What to do ->
Transcribe the listing that follows in full, exactly, and drop its images.

Dataset extract ->
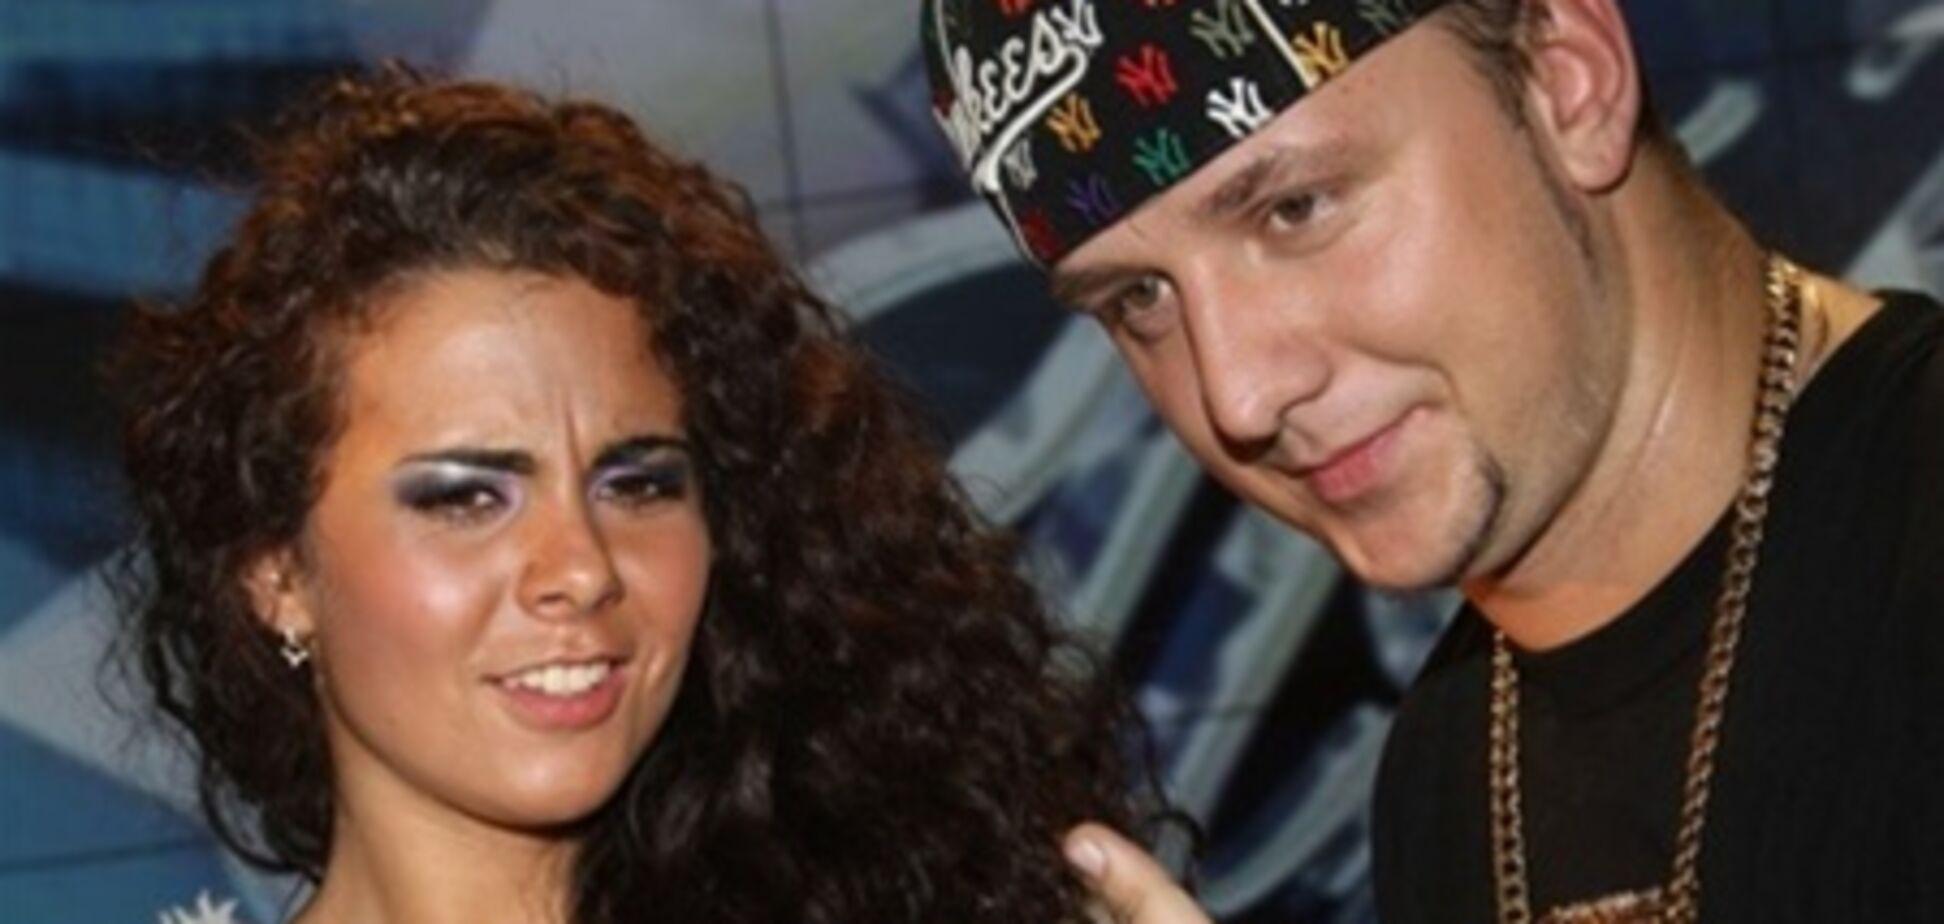 Потап, его супруга и Настя живут шведской семьей? Фото
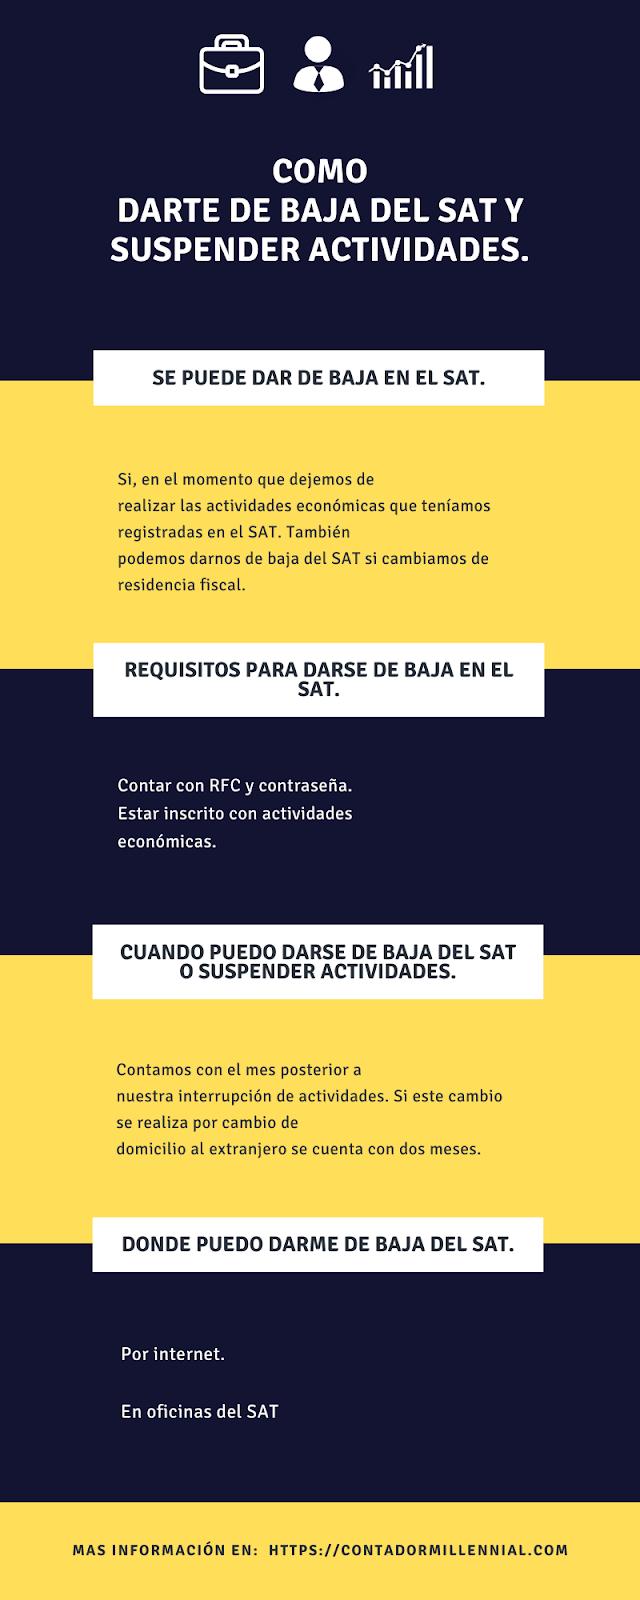 Infografia sobre como darse de baja del SAT
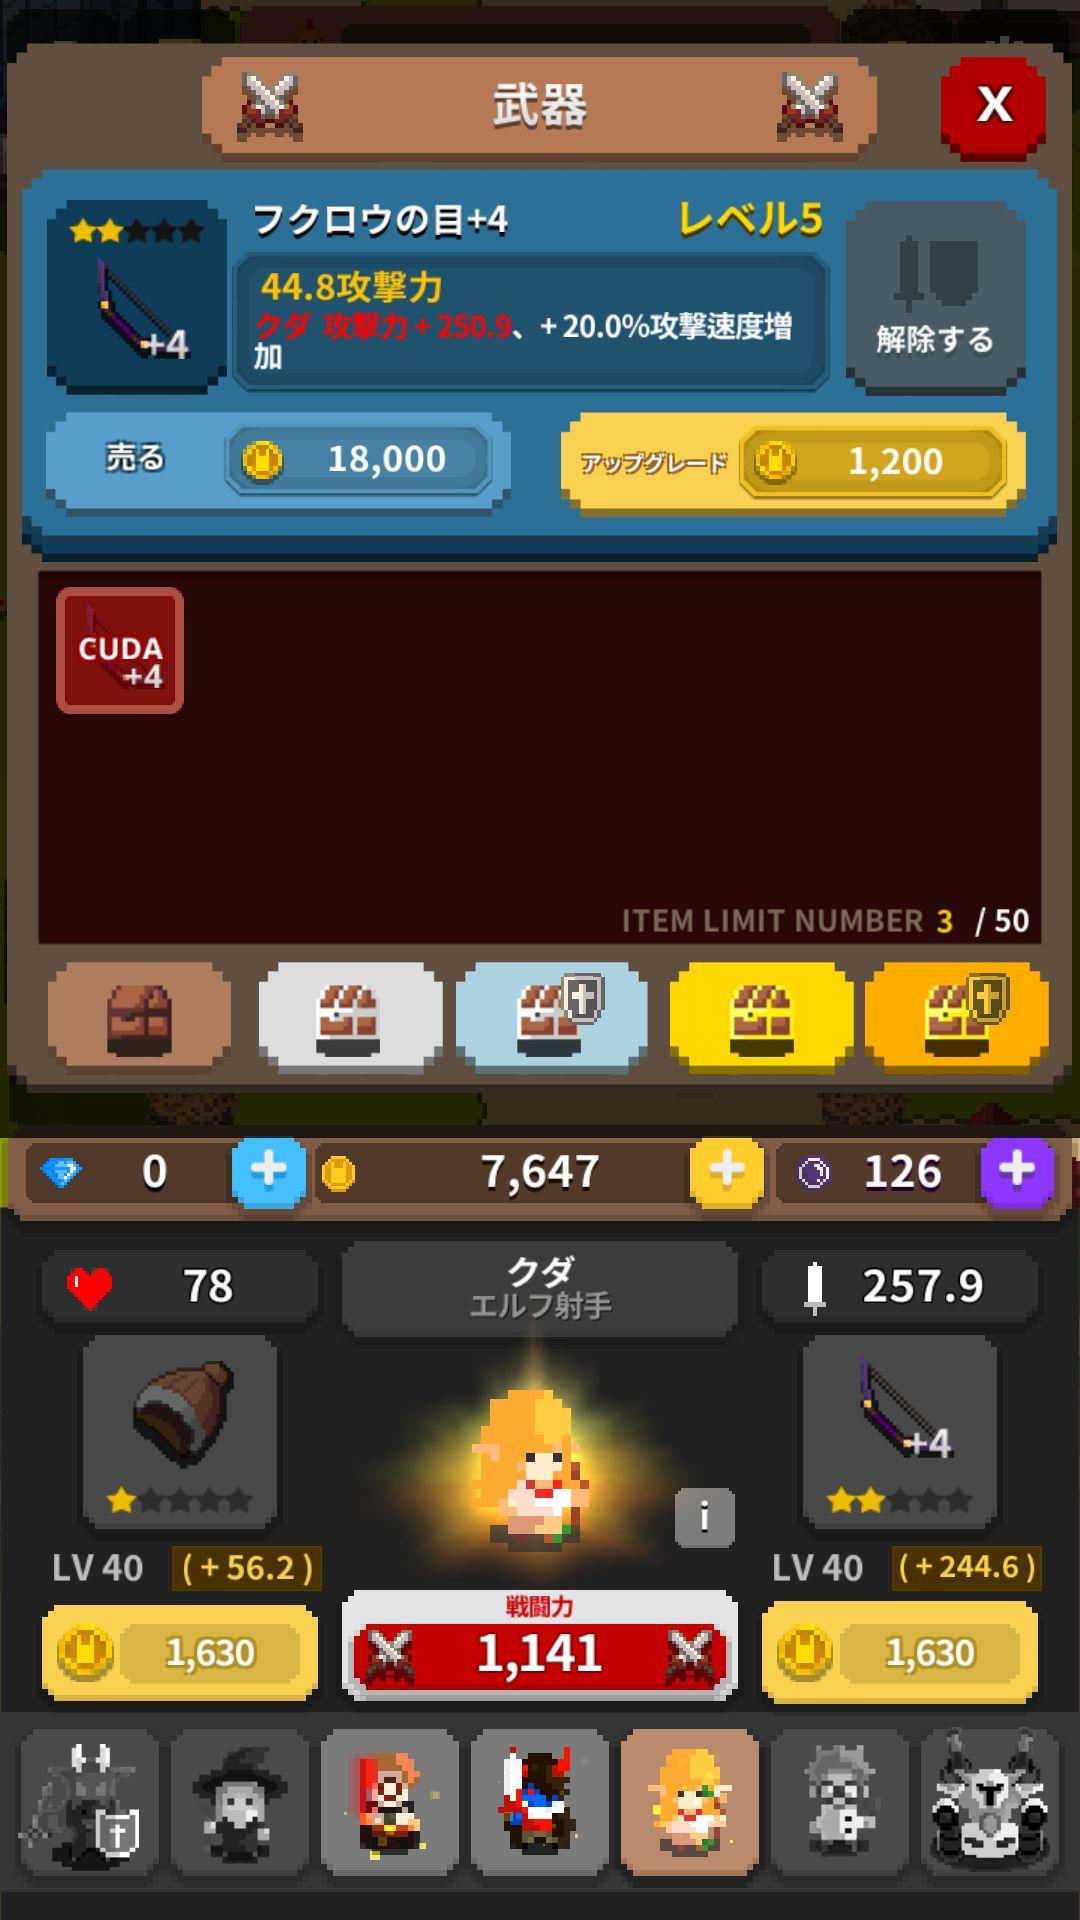 レトロ戦隊 ドットレンジャー androidアプリスクリーンショット3
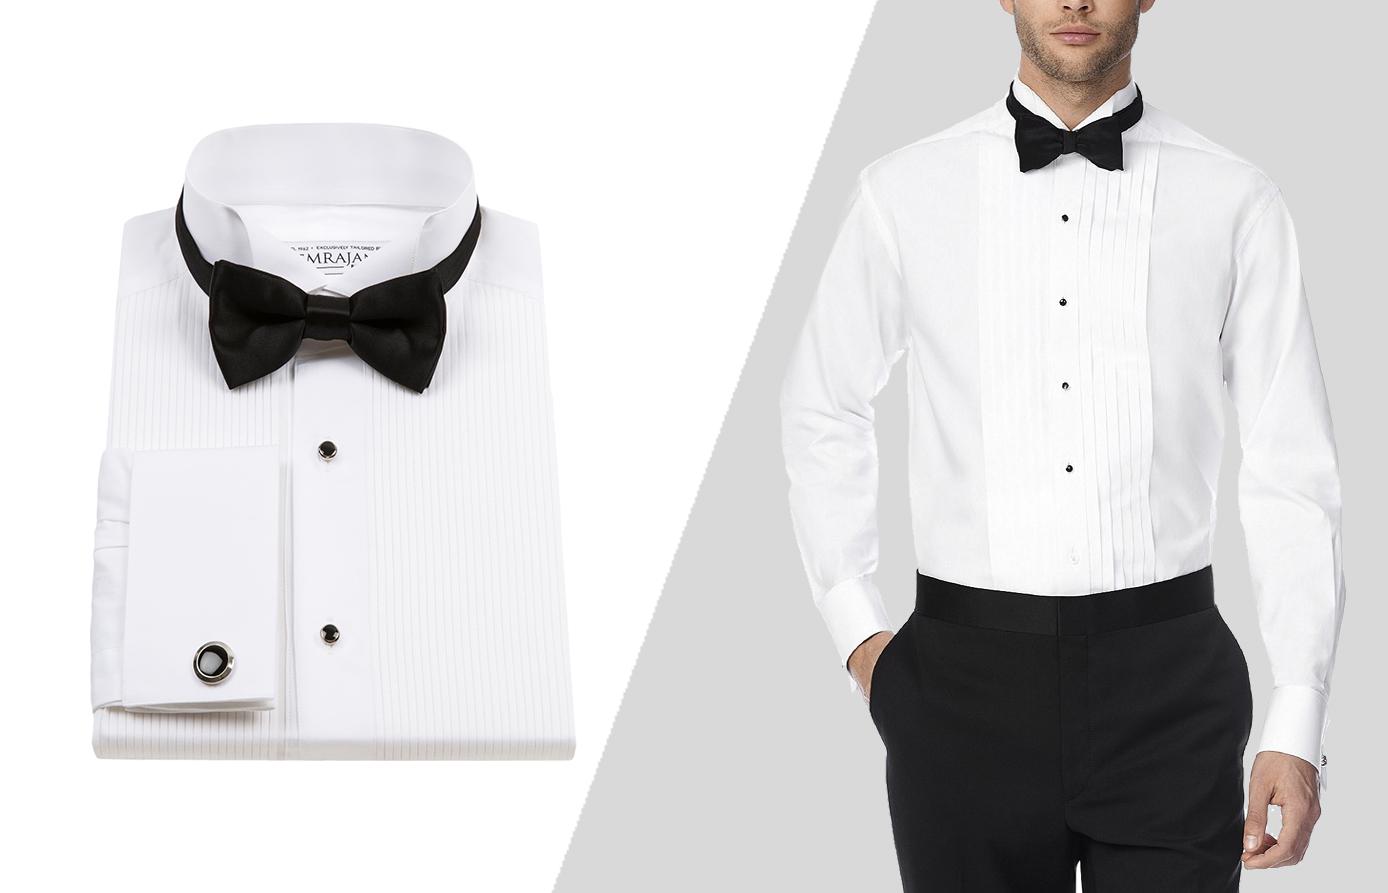 how to wear a tuxedo shirt

Response ->
 Потап, его супруга и Настя живут шведской семьей? Фото
 Infografia sobre como darse de baja del SAT
 レトロ戦隊 ドットレンジャー androidアプリスクリーンショット3
 how to wear a tuxedo shirt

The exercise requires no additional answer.